“Now Brewing”: Culture and Coffee

The Asian Cultural Society (ACS) Open Mic Night gives Asian students a place to showcase their heritage and shared experiences


Caitlin Villacrusis

Looking out into the crowd, communications senior Manha Chowdhury performs her opening speech. Asian Cultural Society’s (ACS) Open Mic Night was not only for the Asian community but also for students to come out and express themselves. Caption by Haiden Kenney

Priya Gowda, Writer

In the corner of Starbucks, with baristas making drinks in the back and the smell of coffee in the air, co-vice president of Asian Cultural Society (ACS) and communications senior Manha Chowdhury began the Open Mic Night with a speech. 

“Far too often, even though many of us are passionate and love our cultures, we don’t get to show our pride as members of the AAPI (Asian American Pacific Islander) community,” said Chowdhury. “Our voices blend into the background of American diversity, even in times that we try to stand out.” 

ACS held their second Open Mic Night at the Starbucks in The Square on Nov. 11 to give members of the club a chance to showcase their talents and bond over shared cultural experiences and for people of all backgrounds to experience the stories that ACS members presented.

“Having the community here who look like them, think like them, have similar experiences as them to applau(d) and support (their) work, it’s super important to have that acknowledgement from an audience that’s similar to you and just the connection that allows the performer and the audience to make is super important,” co-president of ACS and piano senior Kailin Xia said.

By giving members a space to perform and connect over shared backgrounds, co-president of ACS and visual senior Alyssa McIntosh hoped that Asian performers and members of the audience were able to honor their heritage with their pieces. 

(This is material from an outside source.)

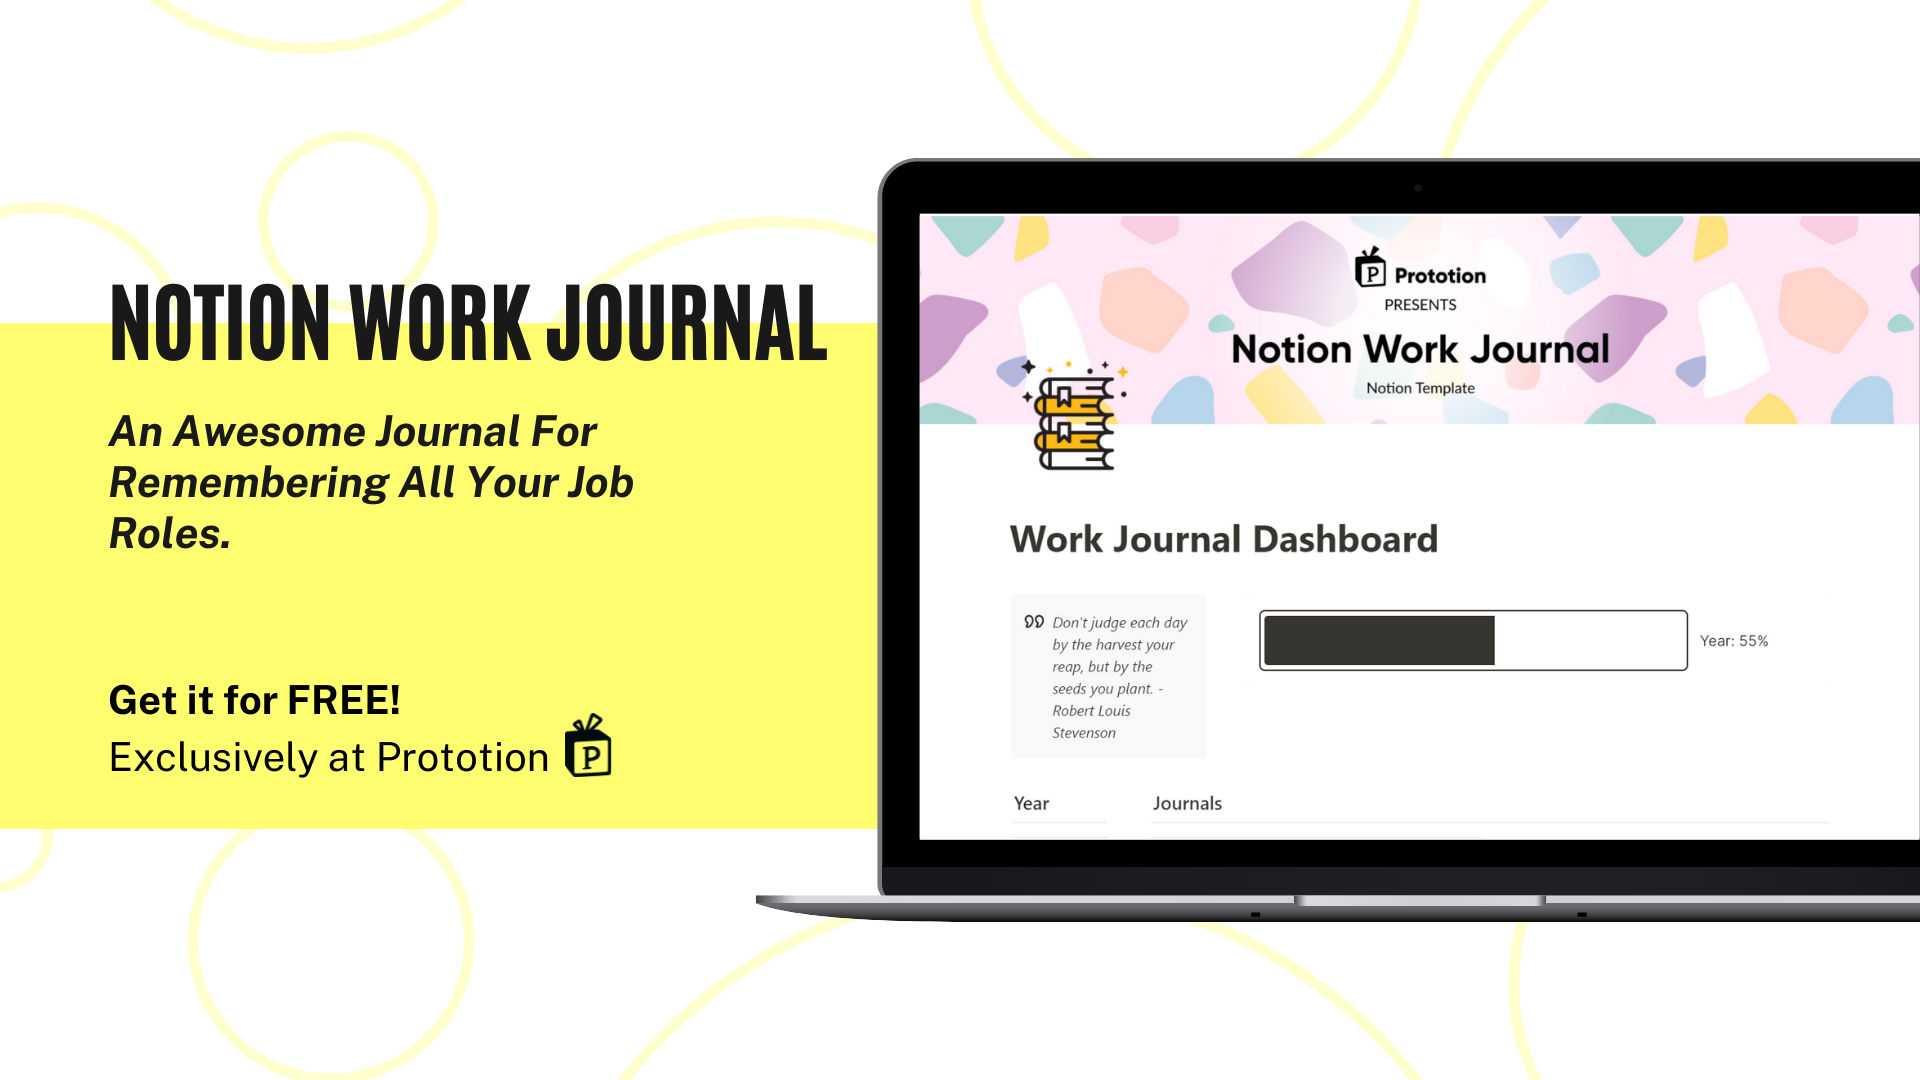 Work Journal Dashboard | Free Notion Template| Prototion

“(For) Asian members of the audience, I hope they see themselves in the performers,” said McIntosh. “I hope they feel more proud of their culture to see it celebrated by the performers, (and) I hope performers have gained a sense of confidence in expressing their heritage and their culture with an audience.”

Open Mic Night not only gave Asian performers and their audience a chance to connect over their shared backgrounds but also to feel validated when it came to “their experience as a minority.”

“If younger me were to hear someone else speak out about these (bad) experiences, it would make me feel better because it (would) make me feel less alone as if I’m not the only one going through something like that,” performer at Open Mic Night and digital media junior Jeselle Tortugo said. “I hope (that my poetry) makes other Asians who experience similar issues feel less alone when it comes to their issues.”

Performers such as Tortugo hoped that, through sharing their pieces, they could spread awareness and insight into the Asian experience, especially for the non-Asian members of the audience.

“Both (poems I performed) are recounts of past experiences (of) being Asian, and I felt like they’re both very personal topics to me,” said Tortugo. “It makes me feel better to speak out about it. It makes others, maybe non-Asian people, more aware of these issues that aren’t as talked about, and it could possibly inspire other Asians to speak out on their personal experience.”

Open Mic Night aimed to represent a collection of the experiences of Asian students and a celebration of their talent and cultures.

“It allows people a platform to concentrate these kinds of similar themes into one place, one night where the audience can really get an in-depth experience of that (the Asian experience) and also to see how many amazingly talented Dreyfoos students, (who) are also AAPI, (there are),” said Xia.